We use sharding to load the 14 GB Mistral 7B model onto the 8GB RTX 4060 GPU by loading it in small packets of 1.9GB each. We are loading a 4-bit quantized version of the model, which effectively compresses 7B parameters to ~14 GB.

Other dependencies used:
1. BitsAndBytesConfig file:
    - `load_in_4bit`: set to `True` to allow loading the 4-bit quantized version of the model
    - `bnb_4bit_use_double_quant`: set to `True` to allow additional quantization after `load_in_4bit` to save an additional 0.4 bits per parameter
    - `bnb_4bit_quant_type`: set to `nf4` to allow operations on 4-bit data types
    - `bnb_4bit_compute_dtype`: set to bfloat16 to reduce memory overhead during inference
2. AutoModelForCausalLM.from_pretrained:
    - loads a pre-trained model given the model path and the BitsAndBytes config file. We are loading Mistral 7B here.
3. AutoTokenizer.from_pretrained:
    - loads the pre-trained tokenizer for Mistral 7B.

In [3]:
# Downloading Mistral 7B
original_model_path = "mistralai/Mistral-7B-Instruct-v0.1"
model_path = "filipealmeida/Mistral-7B-Instruct-v0.1-sharded"
bnb_config = BitsAndBytesConfig (
                load_in_4bit=True,
                bnb_4bit_use_double_quant=True,
                bnb_4bit_quant_type="nf4",
                bnb_4bit_compute_dtype=torch.bfloat16
            )
model = AutoModelForCausalLM.from_pretrained(model_path, trust_remote_code=True,
                                             quantization_config=bnb_config,
                                             device_map="auto")
tokenizer = AutoTokenizer.from_pretrained(original_model_path)

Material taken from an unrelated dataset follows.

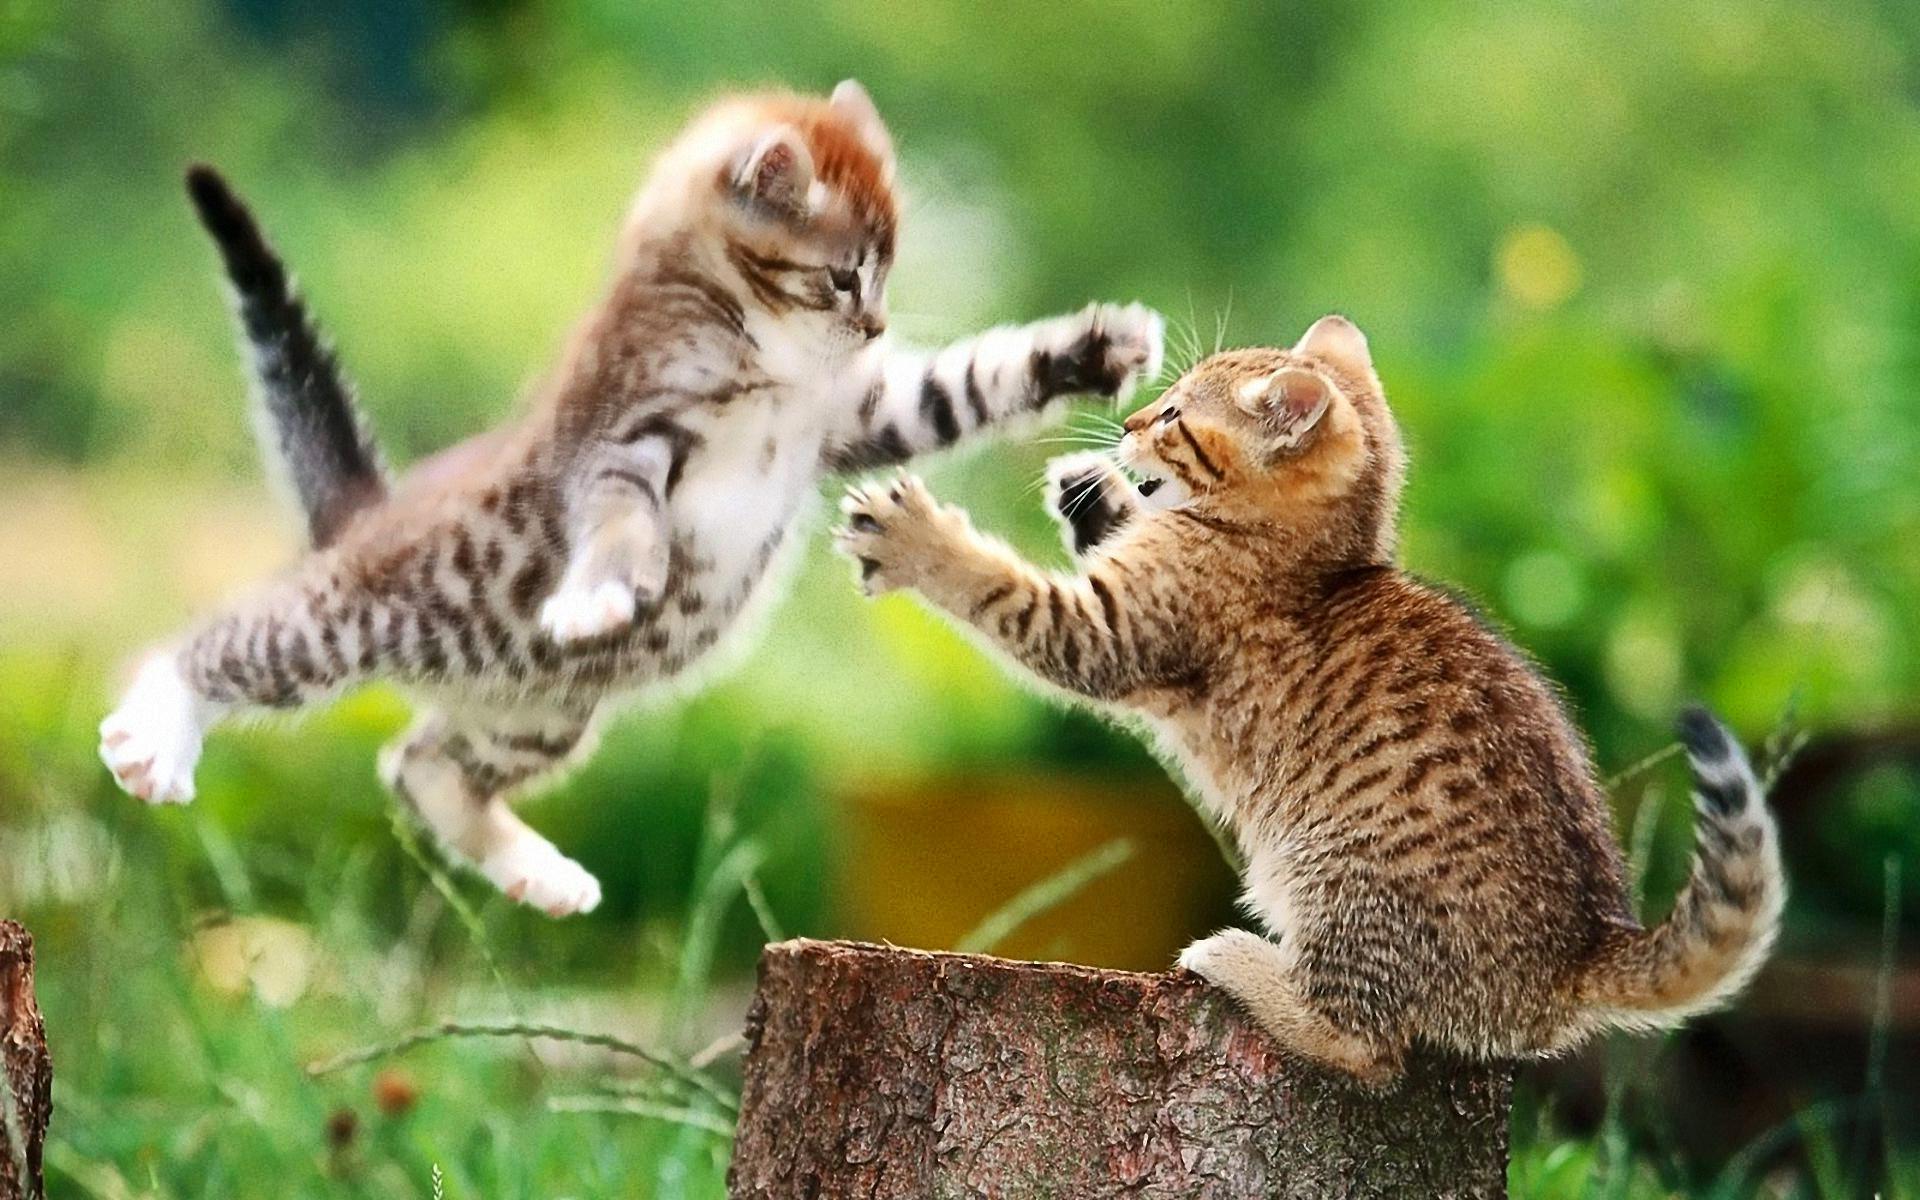 Jumping Kitten (id: 181692) – BUZZERG
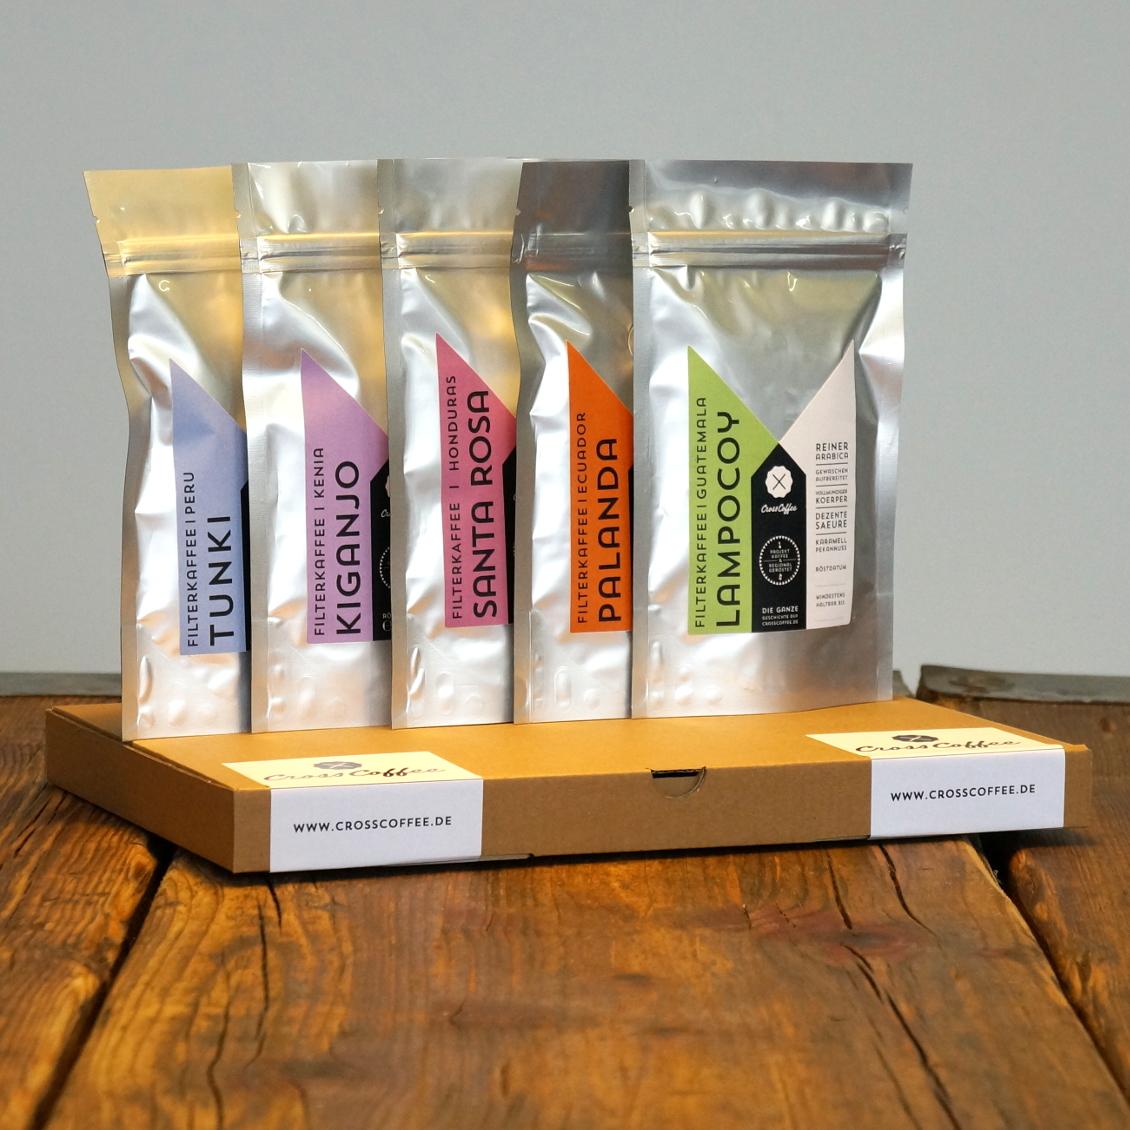 Probierpaket Filterkaffee. Eine Auswahl von 5 Kaffees, geröstet von der Kaffeerösterei Cross Coffee in Bremen

Loading checkpoint shards:   0%|          | 0/8 [00:00<?, ?it/s]

tokenizer_config.json:   0%|          | 0.00/2.10k [00:00<?, ?B/s]

To support symlinks on Windows, you either need to activate Developer Mode or to run Python as an administrator. In order to activate developer mode, see this article: https://docs.microsoft.com/en-us/windows/apps/get-started/enable-your-device-for-development


tokenizer.model:   0%|          | 0.00/493k [00:00<?, ?B/s]

tokenizer.json:   0%|          | 0.00/1.80M [00:00<?, ?B/s]

special_tokens_map.json:   0%|          | 0.00/414 [00:00<?, ?B/s]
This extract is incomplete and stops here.